= Material provided =
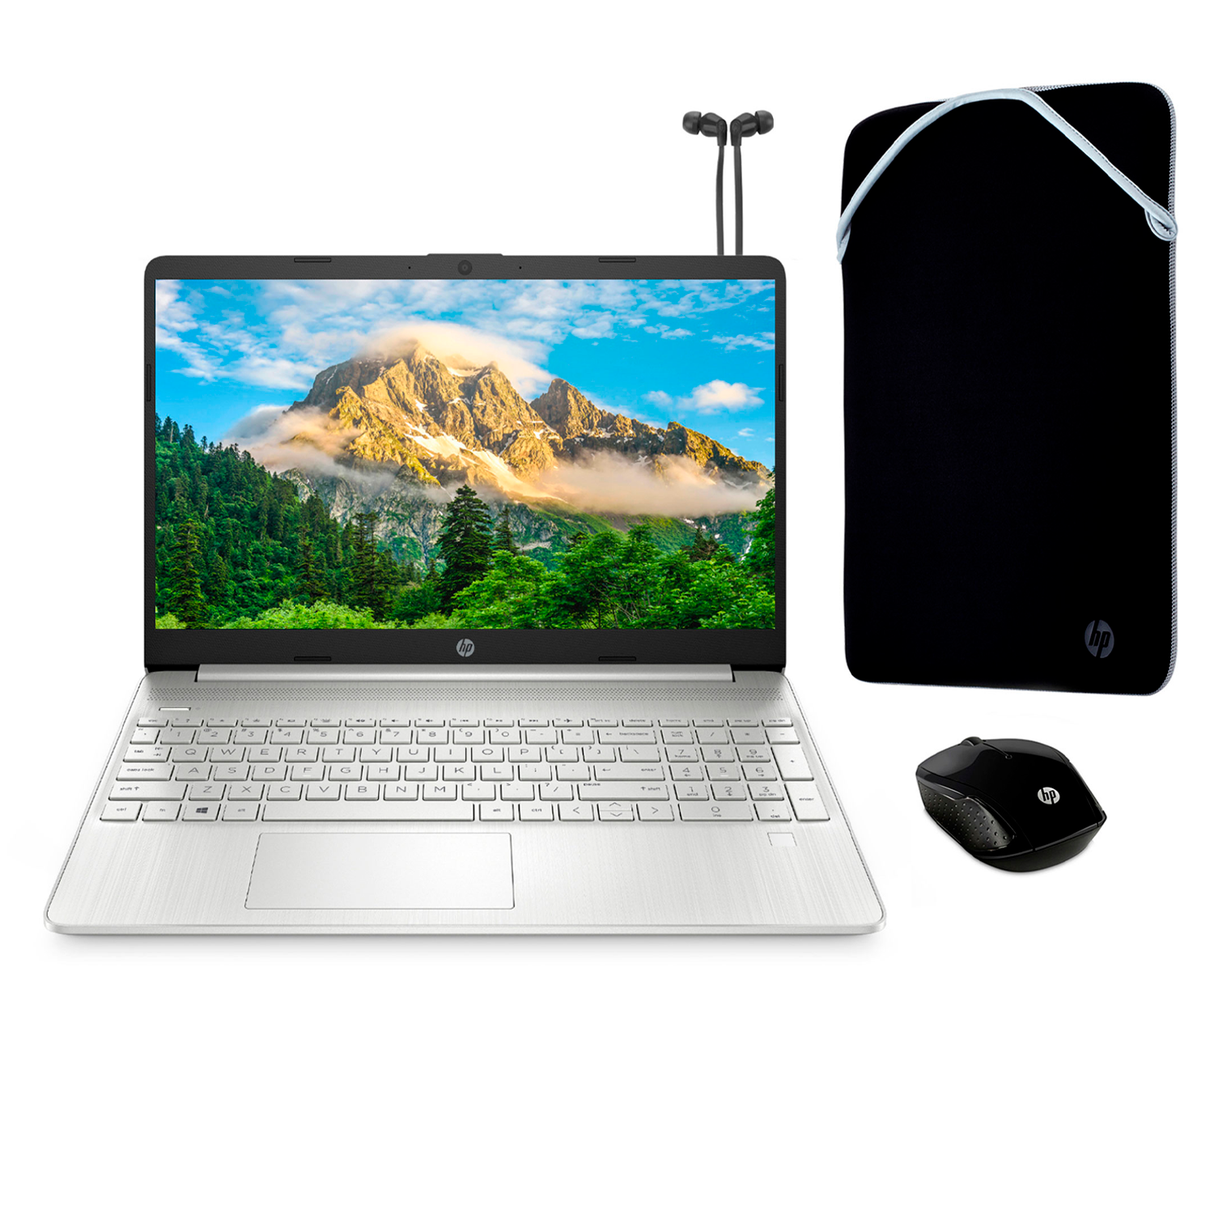 Laptop HP 15-EF2519LA Ryzen 5 5500U Ram 8GB Disco 512GB SSD 15.6" HD Windows 11 (Open BOX)
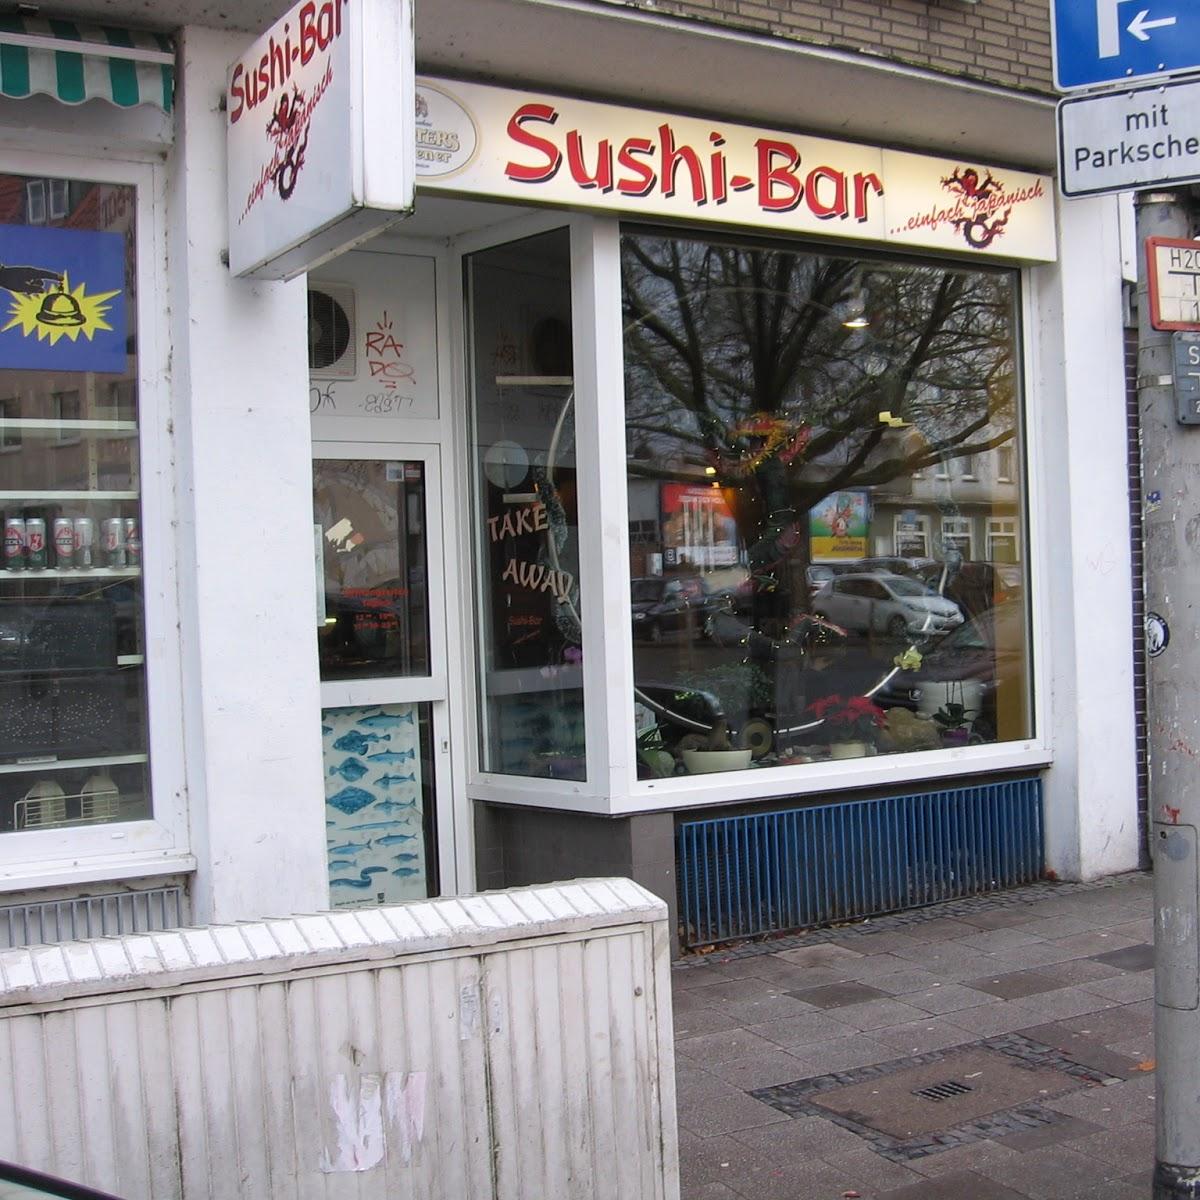 Restaurant "Sushi-Bar" in Braunschweig
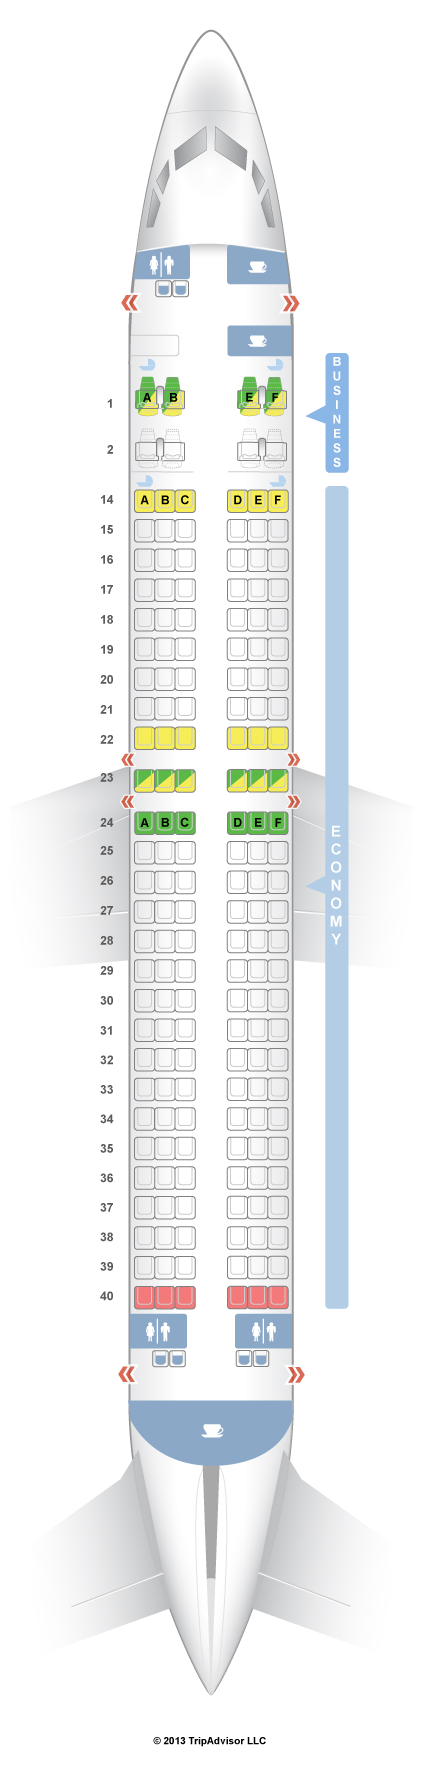 Fiji Airways Seating Chart

= Task brief =
What you produce should repeat the data word for word while omitting all images.

= Exercise answer =
 Laptop HP 15-EF2519LA Ryzen 5 5500U Ram 8GB Disco 512GB SSD 15.6" HD Windows 11 (Open BOX)
 Restaurant "Sushi-Bar" in Braunschweig
 Fiji Airways Seating Chart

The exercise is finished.